Cet enseignement, dont le code est C0A7M1, fait partie des « fondamentaux » de M1, Master
première année, regroupés sous le code C0A7M. Ils sont « mutualisés » pour l’ensemble de
l’UFR Langues, c’est-à-dire communs aux anglicistes, bretonnants et celtisants et aussi aux
germanistes, langues romanes…C’est la raison pour laquelle il est rédigé en français, langue
commune de toutes nos disciplines.

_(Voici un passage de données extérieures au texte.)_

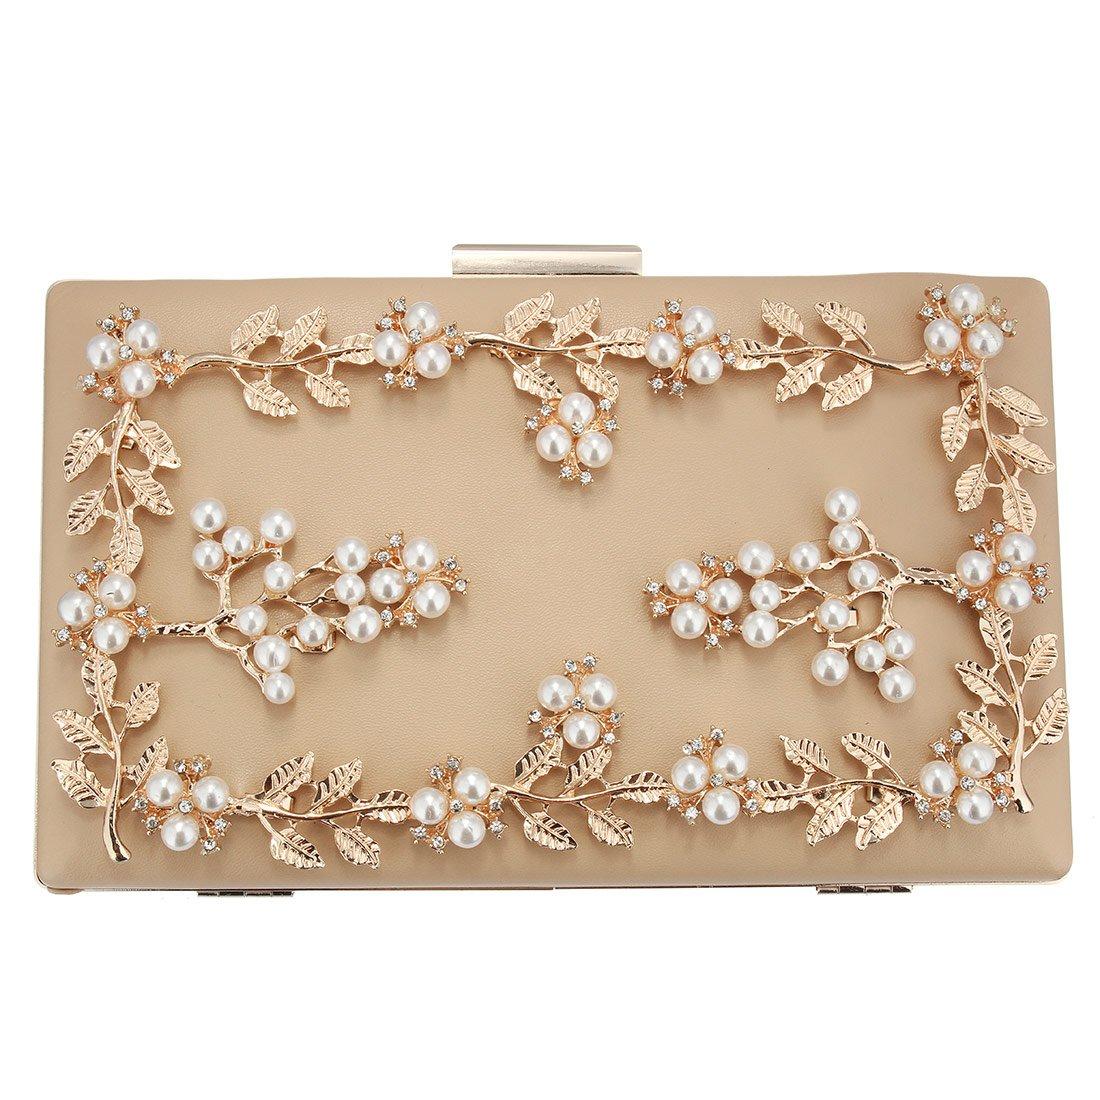 UNYU Flower Clutch Bag Womens Elegant Wedding Handbag Pearl Decor for Party Prom Purse

C’est aussi la raison pour laquelle le français est la langue
de composition à l’examen.
Les « Fondamentaux », divisés en trois sous-enseignements (Textes et Critique du Texte
-C0A7M1- pour la littérature, La Civilisation entre Culture et Histoire – C0A7M2 – … pour
la civilisation et Théories du Langage – C0A7M3 – pour la linguistique 18) donnent lieu pour
l’examen à une seule épreuve (terminale donc, en fin de semestre; elle est de 2h). Il est
procédé à un tirage au sort entre les trois composantes littérature / civilisation / linguistique. A
titre d’exemple(s), voici des possibilités de sujet 19 :
-------
A. Vous composerez sur l’un des deux sujets suivants :
1. Quels sont les apports du structuralisme à la critique du texte ? Tentez de les définir à
la fois par rapport à la critique traditionnelle et par rapport au post-structuralisme.
(sujet F. Maier)

2. Situez les auteurs/théoriciens suivants dans l’histoire de la critique littéraire, entendue


comme l’histoire du rapport au texte : M. Proust / M. Bakhtine / M. Foucault / P.
Ricœur. (sujet S. Jousni, correspondant à ce cours- 1ère partie)
--------
B. Vous composerez sur l’un des deux sujets suivants :

1. « La naissance du lecteur doit se payer de la mort de l’auteur ». Expliquez cette


assertion de Roland Barthes et commentez-la du point de vue du critique littéraire.
(sujet F. Maier)
2. En quoi les théories de Michel Foucault sont-elles de nature à fournir des outils
conceptuels au critique littéraire et au chercheur en littérature ? sujet S. Jousni)
-----------
C. Voici un dernier sujet (correspondant exclusivement à cette 1ère partie du cours - assuré
par S. Jousni) :

Répondez de façon argumentée aux questions suivantes :


1°) A quels courants de la critique littéraire peut-on rattacher les noms suivants : Vladimir
Propp / Claude Lévi-Strauss / Julia Kristeva / Umberto Eco ?
2°) Que désignent les concepts suivants et d’où viennent-ils / à qui les doit-on ?
‘dialogisme’ / ‘déconstruction’ / la triade ‘Réel-Imaginaire-Symbolique’ ?
18
« Texte et Critique du Texte » est assuré par Mmes S. Jousni et F. Maier. « La Civilisation entre Culture et
Histoire » par Mrs M. Nicolas et R. Saez, et « Théories du Langage » par M. D. Roulland. Lorsque le sujet tiré
est littéraire ou civilisationniste – cours assuré par deux personnes – l’étudiant a le choix entre deux sujets. Ce
n’est pas le cas de la linguistique (Théories du Langage), cours assuré par un seul enseignant.
19
Ils ont été donnés les années précédentes, entre les années 2004 et 2008. Ce cours est la refonte complète du
cours correspondant à ces années 2004-2008, mais le contenu, s’il a été aménagé, n’est pas fondamentalement
différent. Les sujets d’examens possibles sont donc très proches des exemples ci-dessus.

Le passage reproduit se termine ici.